Tip: as with every major upgrade, test in a staging environment first and confirm telemetry is flowing into the new tables before relying on the copy in production.

Upgrading from OneUptime 9 → 10

No changes that require manual action. Just follow the standard upgrade process.

Upgrading from OneUptime 8 → 9

The Helm chart no longer provisions a Kubernetes Ingress resource. OneUptime ships an ingress gateway container that already terminates TLS, manages status page domains, and routes traffic for the platform, so a cluster ingress controller is no longer necessary.

  • Remove any oneuptimeIngress overrides from your custom values.yaml files before upgrading.

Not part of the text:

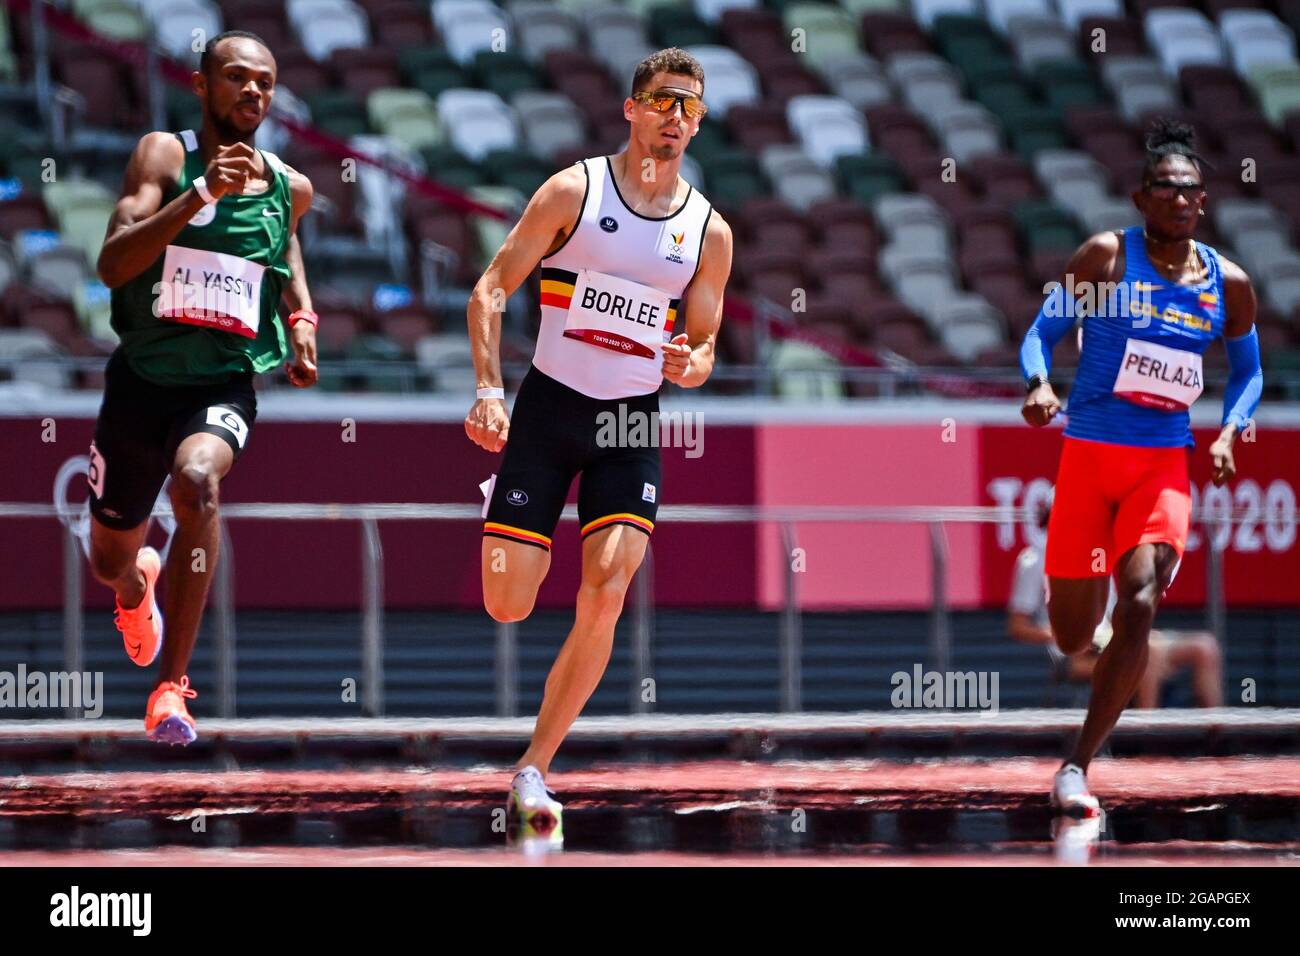 Arabie Saoudite Mazen Moulan Al Yassin, Belge Kevin Borlee et colombien Alejandro Perlaza photographiés en action pendant les épreuves de la course a de 400m pour hommes Banque D'Images

Those keys are now ignored and will cause validation errors if left in place.
  • Ensure nginx.service.type reflects how you want to expose the bundled ingress gateway (for example LoadBalancer, NodePort, or ClusterIP with an external load balancer).
  • Verify any DNS records for status pages or primary hosts still point to the Service or load balancer that fronts the OneUptime ingress gateway.
  • After the upgrade, confirm TLS certificates continue to renew via the embedded gateway and that status page domains resolve correctly.

Upgrading from OneUptime 7 → 8

If you're running on Kubernetes, there are important breaking changes:

  • We no longer use Bitnami charts for Postgres, Redis, and ClickHouse because of Bitnami License Changes
  • These changes are not backward compatible. You must follow the new structure in the Helm chart values.yaml.
  • Backup your data (Postgres, ClickHouse, and any persistent volumes) before upgrading.

Tip: Test the upgrade in a staging environment first. Confirm your workloads are healthy and data is intact before upgrading production.